Ни дня без строчки - [9]
Я был сын того, кого называли барином и кому городовой отдавал честь. Правда, отец был бедный человек, тем не менее барин. Мне нельзя было играть с детьми не нашего, как тогда говорили, круга – с мальчишками.
Однажды после обеда, когда я думал, что отец спит, я решил все же выйти во двор. Я сделал это не сразу, но как бы для того, чтобы уменьшить свое преступление, сперва выпил в кухне кружку воды из-под крана – холодной воды из эмалированной синей с белыми пятнами кружки, похожей, конечно, на синюю корову. До сих пор помню ненужный, унылый вкус воды. Потом вышел на крыльцо.
Как только я сделал несколько шагов от крыльца, сразу был окликнут высунувшимся в окно отцом. Я должен был вернуться, как приказал отец, и был отцом высечен, если можно назвать этим словом наказание, когда бьют не розгами, а просто ладонью, однако по голому заду.
Он был очень зол, отец, вероятно потому, что проигрался, как в подобном рассказе Чехова, в этот день, или по другой причине. Помню, что я почти вишу в воздухе в позе плывущего и меня звонко ударяют по заду.
Больше и дальше я ничего не помню. Главное в этой истории, что я все же счел нужным преуменьшить преступление, а также и то, что кружка была похожа на синюю корову.
В другой раз я подвергся физическому наказанию отцом, когда ехал с ним и с мамой в купе вагона второго класса тогда еще царской железной дороги из Крыма.
Мы были в Крыму, мы были в Крыму! Там на веранде художник с патлами и в пенсне стриг пуделя, выходившего из его рук все более худым, все более голым, все более дрожащим; там белел в лунном свете дворец Воронцова в Алупке с как бы утирающими морды мраморными львами, на которых меня сажали верхом…

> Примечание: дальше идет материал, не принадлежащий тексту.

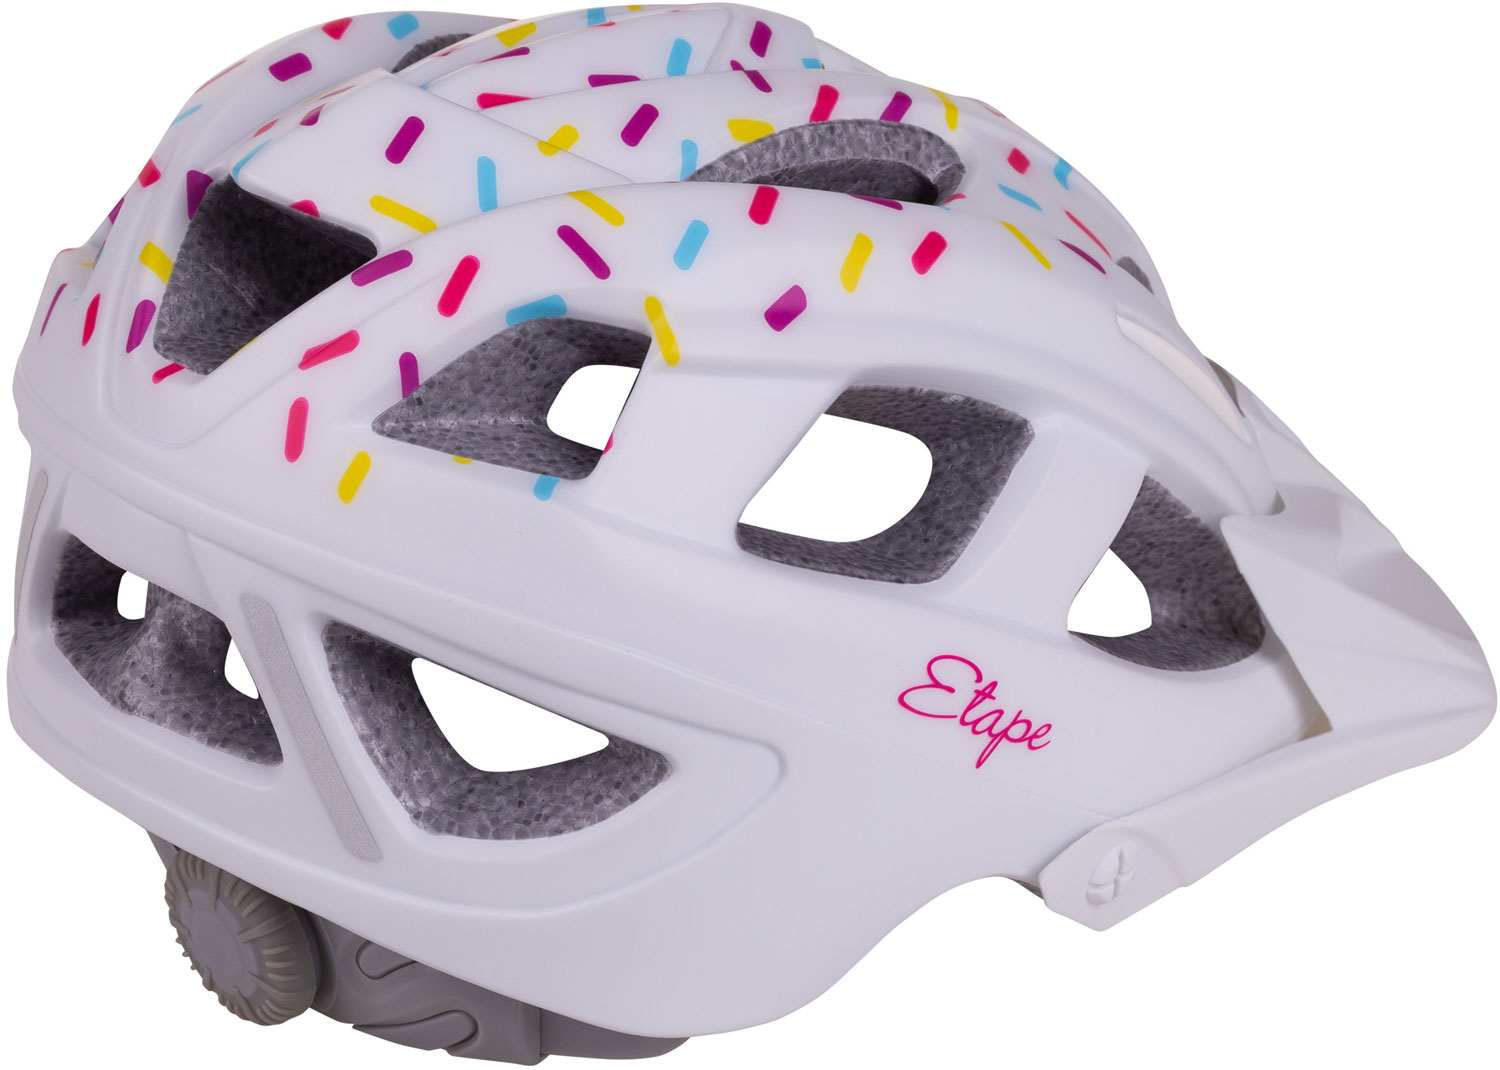 Girls’ cycling helmet

Мы были в Крыму! Мы были в Крыму!
В магазине Колпакчи на Екатерининской улице продавались детские игрушки. Привлекали к себе внимание – да просто вы окаменевали, глядя на них! – волшебные фонари. В них была всегда вложена пластинка с изображением – с торговой, так сказать, целью: посмотрите, мол, как это делается. Бледная туманная пластинка из матового стекла, которая… Нет, это очень неясное описание! Он был заряжен, этот волшебный фонарь, вот как надо сказать – заряжен, и если бы можно было зажечь лампу, стоящую в нем, и если бы в помещении было темно, то можно было бы тут же и пустить его в действие – пластинка появилась бы на стене в виде румяного, карминового светящегося изображения какой-нибудь известной всем детям сказки.

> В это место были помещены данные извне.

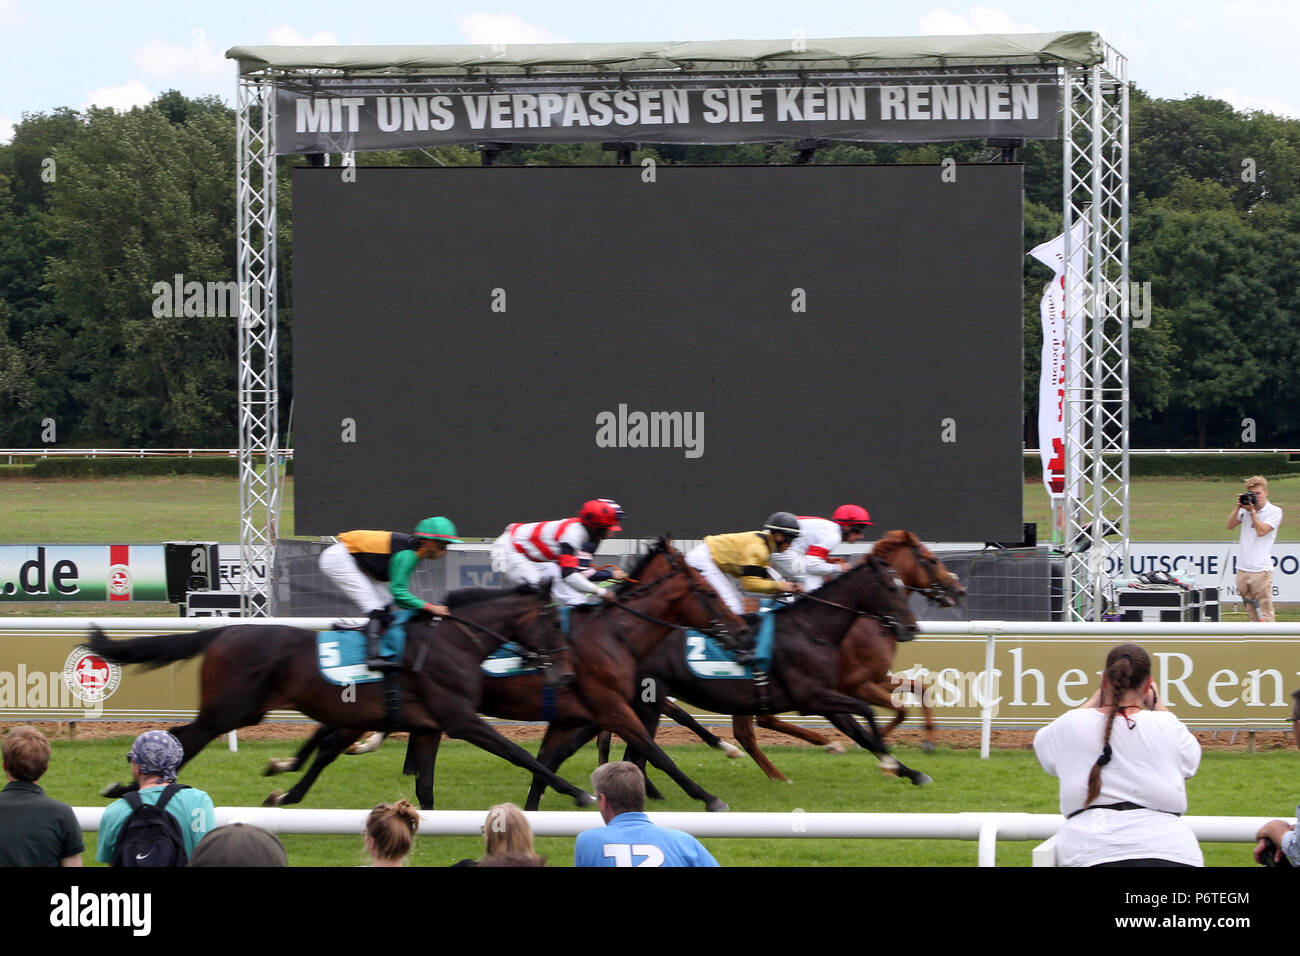 Hannover, schwarzer Bildschirm auf dem Bildschirm während einer galopp Rennen Stockfoto

Волшебный фонарь был игрушкой, о которой даже не следовало мечтать. Вероятно, это стоило очень дорого. Он стоял, блестя своей черной камерой, как некий петух, глядящий поверх всех. Мы не мечтали о нем. Мы покупали пистоны. Пистолеты у нас уже имелись. Они были куплены на именины – кому осенью, кому весной, кому летом. Это были черные, по всей вероятности латунные, пахнущие горелым от частой стрельбы, изделия, приятно и больно отяжелявшие детскую руку. Пистоны продавались в крошечных кругленьких коробочках из желтого, как бы мокрого, во всяком случае, сморщенного картона. Они лежали в коробочке розовой горкой, требующей кропотливого описания.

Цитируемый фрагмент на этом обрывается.